The interplay between the drivers’ PAGA rights and class action rights was the crucial consideration for Judge Chen. Recovery under both depends on drivers establishing that they are Uber employees, not independent contractors, as Uber would have it. Through the class action, drivers are asserting actual damages. But according to class counsel Shannon Liss-Riordan of Lichten & Liss-Riordan and the California Labor and Workforce Development Agency, PAGA allows drivers to claim statutory damages for violations of the state labor code. In a brief filed last month, the labor department said Uber’s exposure to PAGA penalties could be more than $1 billion – about half of the company’s total exposure in the cases before Judge Chen.

In addition to avoiding PAGA penalties, Uber has another powerful incentive to settle that piece of the drivers’ case. PAGA claims can’t be forced into arbitration, so even if the 9th Circuit eventually decides that drivers cannot claim damages in the class action, Uber still faces the risk that a court will decide via a PAGA case that its drivers are employees. And, according to Judge Chen, “such a PAGA judgment could have an influential and perhaps even binding effect on Uber in arbitration,” allowing individual drivers to claim compensation as employees. I’m sure Uber would challenge the proposition that a PAGA judgment is binding in driver-specific arbitration, but it’s in the company’s interest to avoid a court reckoning of its drivers’ status. Judge Chen said that the proposed settlement’s $1 million allocation for PAGA claims – a mere fraction of the California labor department’s assessment of Uber’s PAGA exposure — didn’t reflect the claims’ value.

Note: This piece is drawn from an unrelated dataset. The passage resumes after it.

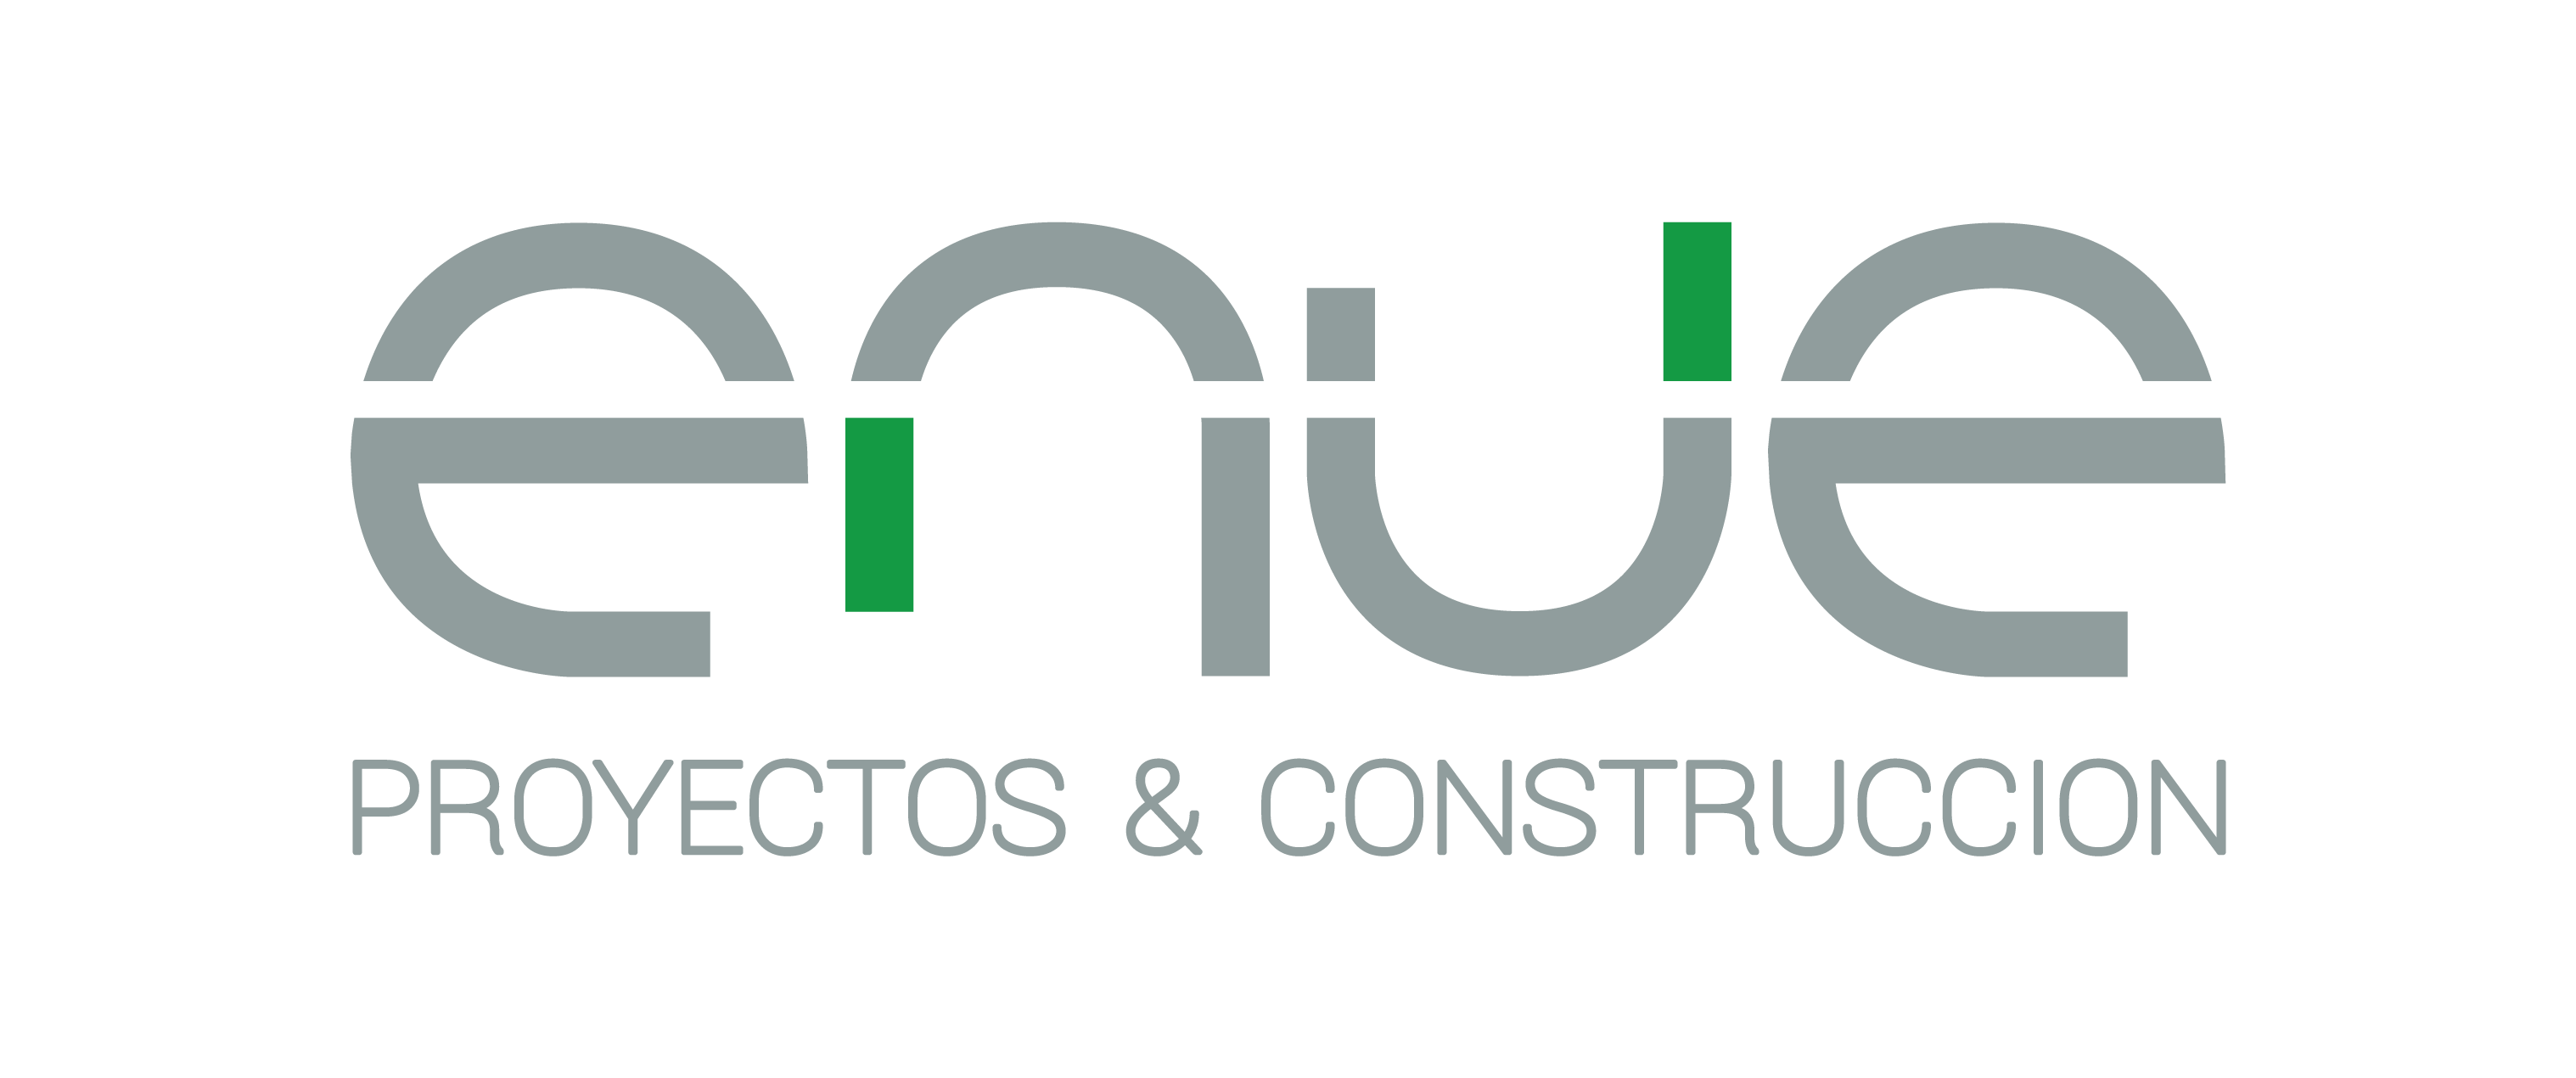 ENUE Proyectos & Construcción

The judge acknowledged that he had to weigh different and potentially competing factors – “the adequacy of compensation to the class as well as the adequacy of the settlement in view of the purposes and policies of PAGA” — to reject the entire settlement based on the PAGA proposal. He decided that because the proposed recovery for drivers was on the low end of the acceptability scale, and because the proposal didn’t address public policy concerns, it didn’t pass muster.

“The compensation to the class amounts is relatively modest when compared to the verdict value, the non-monetary relief is of limited benefit to the class, and the settlement does nothing to clarify the status of drivers as employees versus independent contractors,” Judge Chen wrote. As a result, he said, “The settlement of the non-PAGA claims does not substantially vindicate PAGA.”

So now what happens? Uber and class counsel Liss-Riordan both said in email statements that they are looking at their options, which would obviously include Uber paying more money to resolve the PAGA piece of the case. PAGA settlements, as Liss-Riordan’s statement said, have historically represented a small fraction of the theoretical value of the state’s statutory claims. The proposed $1 million settlement in the Uber case would have been one of the highest-ever PAGA payouts, although in its brief last month, the state labor department cited a recent PAGA penalty of nearly $1 million in a case against Staffmark Investment and a nearly $3 million penalty against Lowe’s. Uber and Liss-Riordan warned in a July 15 brief responding to Judge Chin’s questions about the PAGA piece of the settlement that a penalty of much more than $1 million could be considered a violation of Uber’s due process rights, given the historically low PAGA penalties and the company’s supposedly good-faith reliance on its contracts with drivers.

My prediction is that Uber and class counsel will propose a revised settlement with more money allocated for the PAGA claims – but not dramatically more. I doubt that Uber and the class will suggest shifting cash from drivers to the state, since Judge Chen already said the $84 million in assured compensation to class members is just barely acceptable. I’m also sure that Uber won’t budge on the most important public policy principle at stake in the PAGA case, the employment status of its drivers.

But perhaps a few million dollars of the $16 million contingency piece of the proposal will be turned into hard cash on the PAGA side. That would give the state, which keeps 75 percent of PAGA penalties, a record recovery. It would enable the class to collect at least $84 million. And it would allow Uber to avoid a proceeding that would put its business model at risk.